We compare the results in Table 9. From the first category of data integration, DI1, for the value of the threshold $\alpha$ between 0.50 and 0.60, the integration reports a poor performance. $\textit{Avg}(P)$ , $\textit{Avg}(R)$ , and $\textit{Avg}(F)$ increased to 0.89, 0.97, and 0.93, respectively when $\alpha$ belongs to 0.62 and 0.68. When, $\alpha\geqslant$ 0.70, our approach achieves stable and high data integration performance. From the second data integration, DI2, Avg (P), Avg (R), and Avg (F) increased to 0.90, 0.97, and 0.93, respectively, when $\alpha$ belongs to 0.66 and 0.68. Comparing with the result in DI1, the integration of uncertain information requires more precision to determine the similarity between answers. On the other hand, the integration of both incomplete and uncertain information from DI3 gives a better result when $\alpha=0.7$ , with Avg (P), Avg (R), and Avg (F) achieved 0.92, 0.98, and 0.95, respectively. When $\alpha$ exceeds 0.7, the performance is always stable. Hence, we stopped the experiments for $\alpha=0.76$ and deduced that $\alpha=0.7$ gives better results in terms of correctness, effectiveness, and consistency of our approach. In subsequent evaluation studies, we, therefore, set the threshold $\alpha$ to 0.7.

5.3 Efficiency

We study the efficiency of the proposed approach in terms of data integration time.
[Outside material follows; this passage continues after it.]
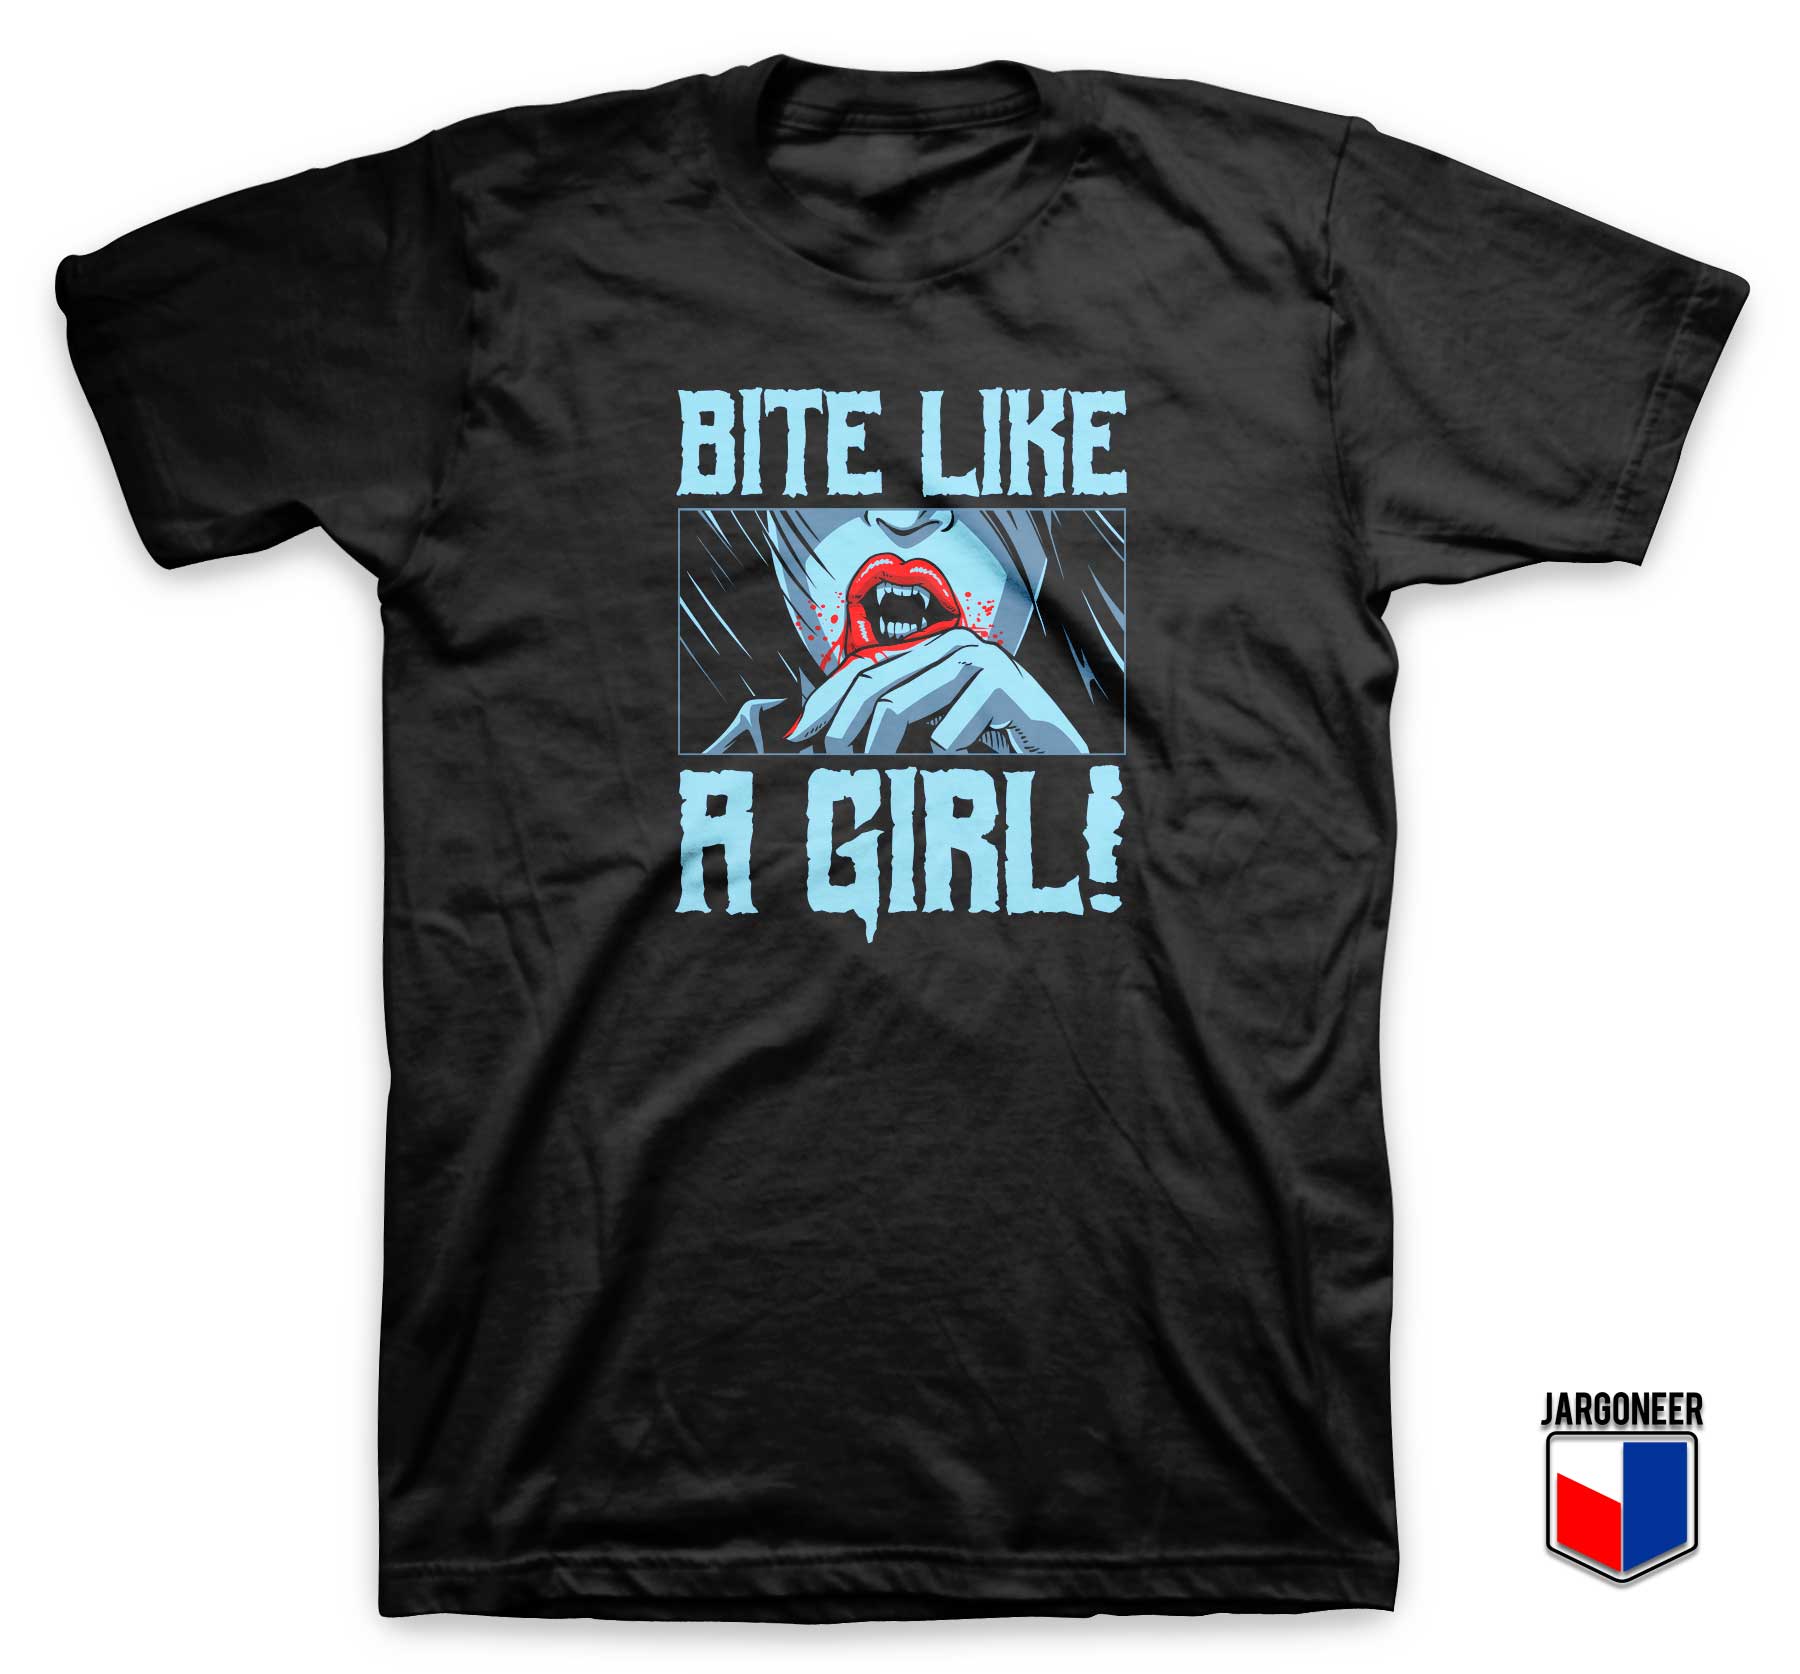 Bite Like A Girl T Shirt - Shop Unique Graphic Cool Shirt Designs

Experiments were set up to consider two distinct scenarios:

(1)
Varying percentages of each piece of incomplete and uncertain information in databases.
(2)
Query complexity: The robustness of the data integration system is related to the query processing complexity.

In the first scenario, we vary the percentages of incomplete and uncertain information and we compute the running time of three data integration categories (DI1, DI2, and DI3). Figure 7. shows the experimental results.

Figure 7.
Efficiency with varying percentages of incomplete and uncertain information.

Overall, from the first and second categories of data integration (DI1, DI2), it appears that the execution time stands stable when the ratio of incomplete or uncertain information increases. Moreover, the time cost gap between DI1 and DI2 is quite small when the percentages of information increase, as expected. It reveals that our approach performs better when the incompleteness and uncertainty are studied separately. On the other hand, the time cost for DI3 is also stable with a small-gap between DI3 and other data integrations. This result means that the increase in the amounts of incomplete and uncertain information does not influence in the data integration effectiveness.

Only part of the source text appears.